Compared to the pure program R, RStudio provides you with the script window, plot window, environment and console to make it easier to use. However, it is a prerequisite that you know in advance what you want to calculate or display. In RStudio there is no possibility to "click" through the choices as in e.g., SPSS.

The control of the program R is script-based and it is important that you don't get discouraged by error messages. It is quite normal for error messages to appear or for something not to work as intended.

Comfort Zone

For general information on R-Help functions, see the digital script R-Hilfe in- und außerhalb von R (in german only).

Installing an R package

Here you can see how easy and quick you can add an R package to your R installation!

Questions or remarks?
The RLab team is always grateful for suggestions and comments to improve this digital script! You can also ask questions about the content! Use the comments for all this!

Updating R, R-packages and RStudio

The R Core Team is responsible for R and is posting new R versions regularly. To be always up to date, you can use the function updateR(). It is included in the "installr" R package. updateR() automatically searches for the latest R version and then offers the possibility to install it. So you are always up to date!

Although administrator rights are required for the first installation of R and RStudio, they are not required when updating the programs.

install.packages("installr")      # installing the package
library(installr)                 # activating the package

updateR()                         # searching for recent version

If you are up to date with your R version, FALSE will be displayed in the console.

If you are not up to date with your R version, a new window will appear. In this case the latest R version is 3.5.3.

Update der R Version

In the next step a new window will appear asking you if you want to see the news about this version.

News der R Version

If you click on "Yes", the website opens with the news about the latest R version. Here are the information, respectively the updates of the version summarized. These news are same as at the download page's "New features in this version"-section.

To install the latest version of R, click "Yes" in the following dialog.

News der R Version

To install the latest R version without leaving RStudio, click "No" in the next step.

R in RStudio aktualisieren

This is followed by the R installation process. No administrator rights are required.

After the installation process is complete, a new window will appear asking if you want to copy the packages from the old R version to the new R version.

R-Packages kopieren

Here you can decide if you want to keep the packages in the old R version or not.

Warning! The copy process may take a while, depending on how many packages are contained in the R Library.

R-Packages behalten

When the copy or move operation is finished, the question for the update of the packages appears.

R-Packages aktualisieren

Once this process is complete, you must select the "new" R version in the global options. Then close RStudio once and open it again.

Well done!
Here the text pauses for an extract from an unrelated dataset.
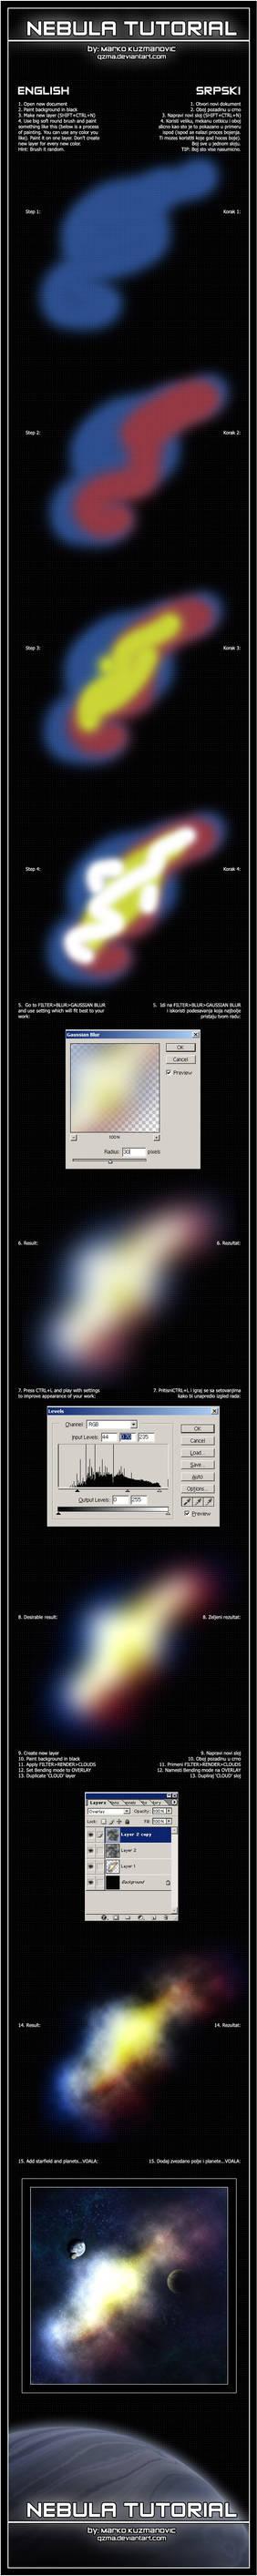 Nebula Tutorial by Qzma

You are up to date with your R version and your R packages!

To avoid error messages, it is recommended to delete the *"old"* version from your pendrive or hard disk.

Want to update RStudio?

The function install.RStudio() updates your RStudio version. You can also find this function in the package "installr".

Note: The function does not check the currentness of your version, but simply overwrites the existing version.

Saving results

How can the results of an analysis or a calculation be saved in order to work with them at a later time?
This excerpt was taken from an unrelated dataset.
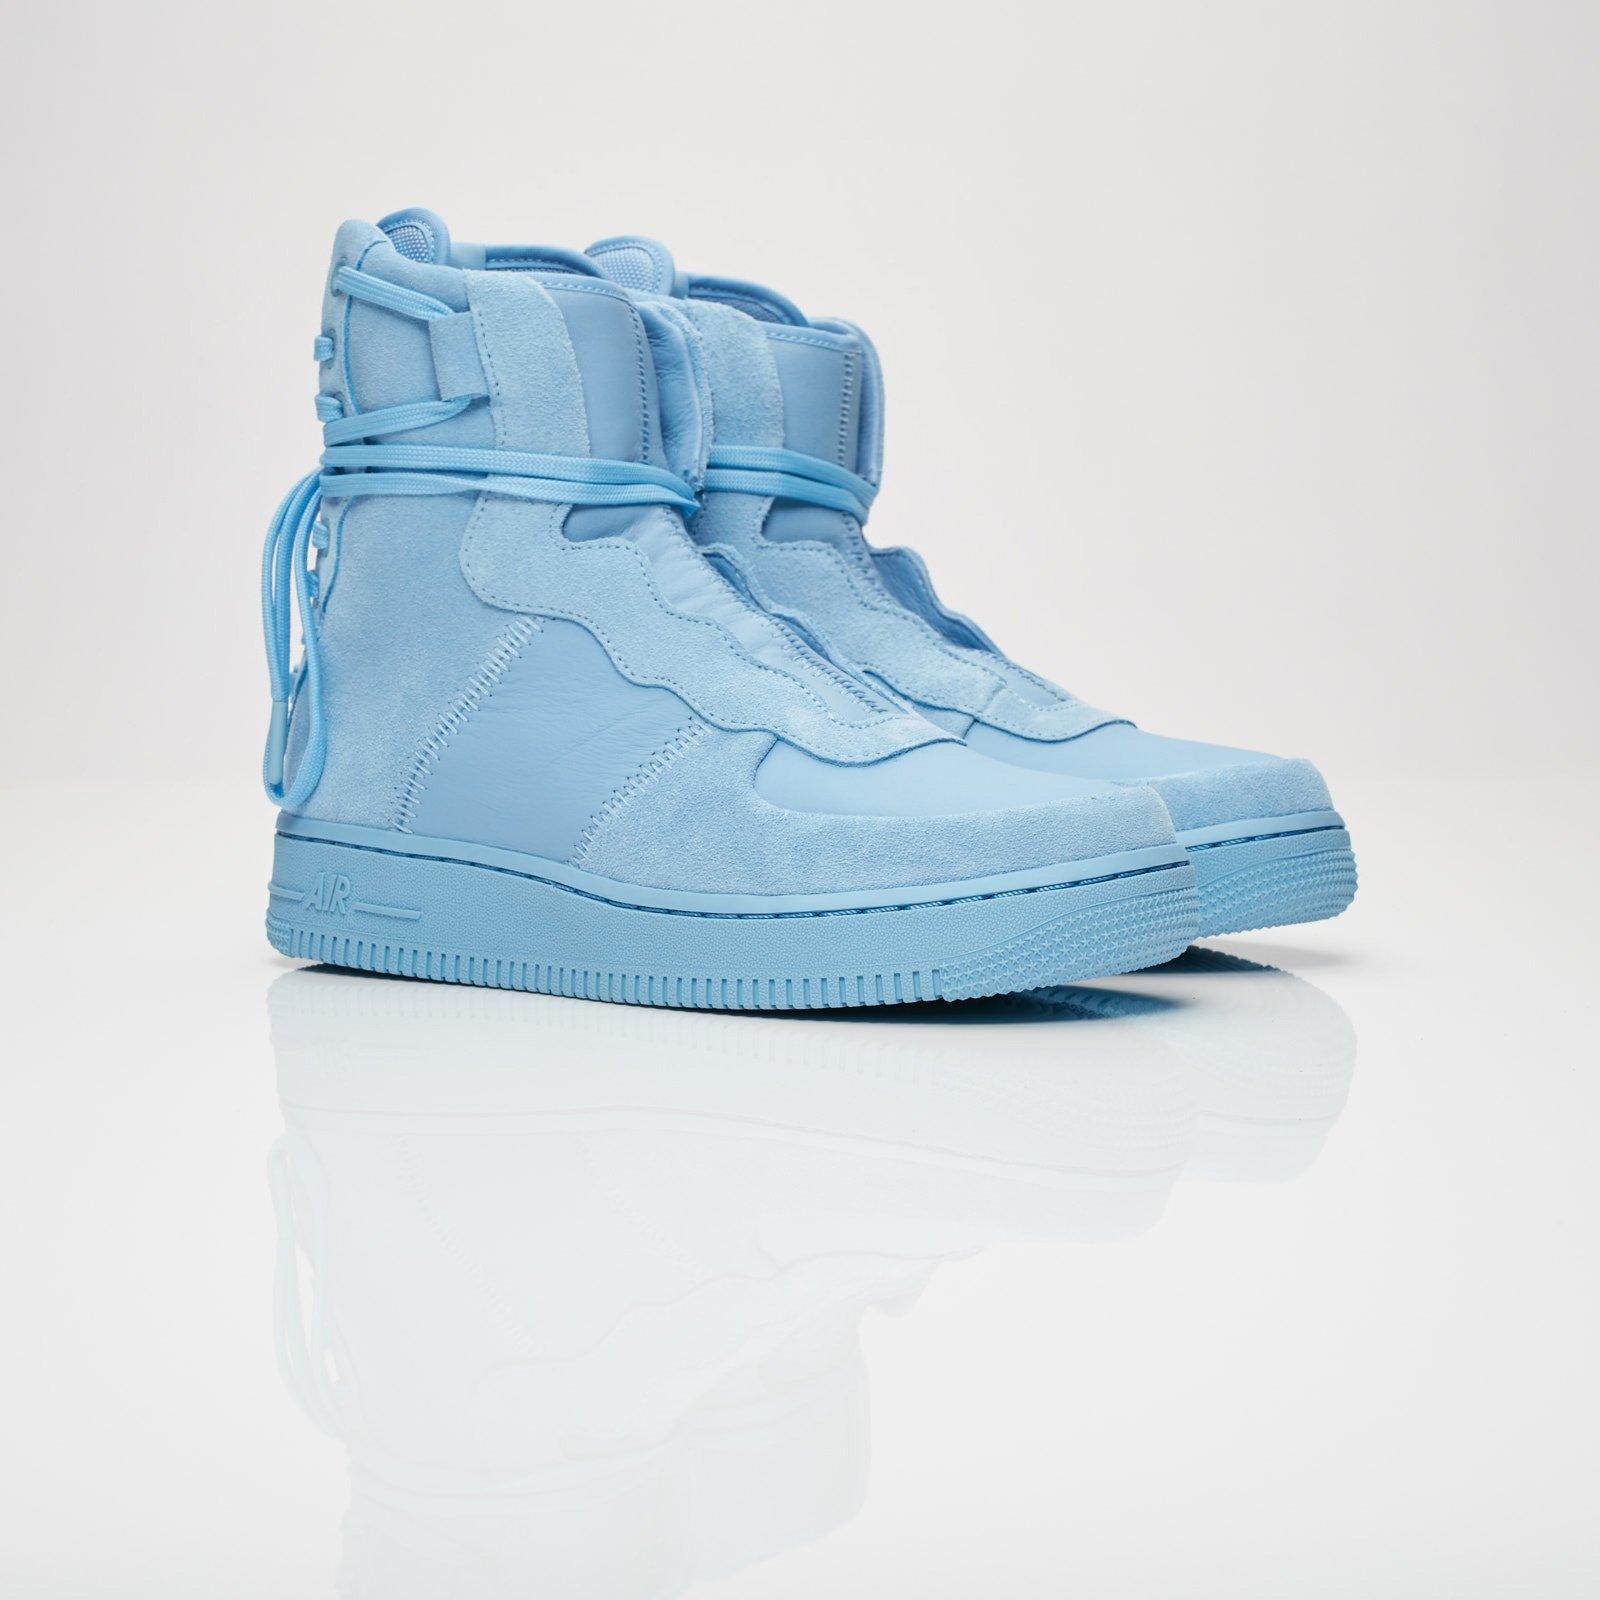 e8d096f9ca09 Nike Wmns Air Force 1 Rebel XX - Ao1525-400 - Sneakersnstuff ...

How can results be written out of R so that they can be further processed in another program?

The data must be stored
manually.
The script-based control of R requires a few lines of code here. There are no menu items that support automatic saving without further ado.

In the following we will deal with the storage and loading options of:

  • all objects in the environment
  • output in the R console

Saving objects from the environment

You may have noticed when closing R that you are asked if you want to back up the workspace. This file has the extension .RData.

The following screenshot will look familiar to you.

Save Workspace

If you click on save here, your entire workspace will be saved where your working directory was set. In this case, the working directory was not set, so the workspace was saved on the computer in the documents directory.

Save Workspace

This procedure has several disadvantages:

  • If you save without the "correct" file name, it will be difficult for you to reassign the saved content of this file to the corresponding script.
  • If you reopen R and RStudio, the file in that location will automatically reload into the environment. The reason for this is that all files are loaded from this directory. The packages are also stored here.
  • When a workspace is saved again, the previous file is overwritten without a warning message.
  • If you are working at university computers, you might not be able to find your file again once the computer has been shut down. These computers might be configured so that all files that have not been saved in the course directory are deleted on shutdown.

Best practice

The function save.image() is used to store the entire environment i.e., the workspace (internal memory of R). Here you can specify the storage path and also a file name

save.image("F:/R/results_correlation/correlation.RData").

It is recommended to copy this code snippet to the end of each script. So you always have the possibility to save your workspace.

Setting a working directory can save results. So the workspace will at least be saved in the corresponding directory when you close it.

Save Workspace

Loading Objects into the Environment

To reload the workspace into R the function load() is used.

 load("F:/R/results_correlation/correlation.RData")

You open RStudio and there are already files in the environment?
A workspace (.RData) has been loaded.

With the function rm() you can delete (rm = remove) all files at once in the environment.

 rm(list = ls())     # deletes everything in environment/workspaces

This action cannot be undone.

Again, it is recommended to copy this
code snippet
Press CTRL + SHIFT and mark the code with the arrow keys. Use CTRL + C to copy the selected code and CTRL + V to paste it into your R script.
to the beginning of each script. It can lead to problems with pending calculations if objects or values from previous calculations are still available.

Saving console output

To save the structure of an object, you can write the whole console output to a file with the function sink(). This can then be opened for example with the editor and further processed. The function sink() redirects the output of the console to a file. During the active redirection, the output is only to the output file and no longer to the console. With the repeated function sink() the redirection is deactivated and the output takes place again in the console.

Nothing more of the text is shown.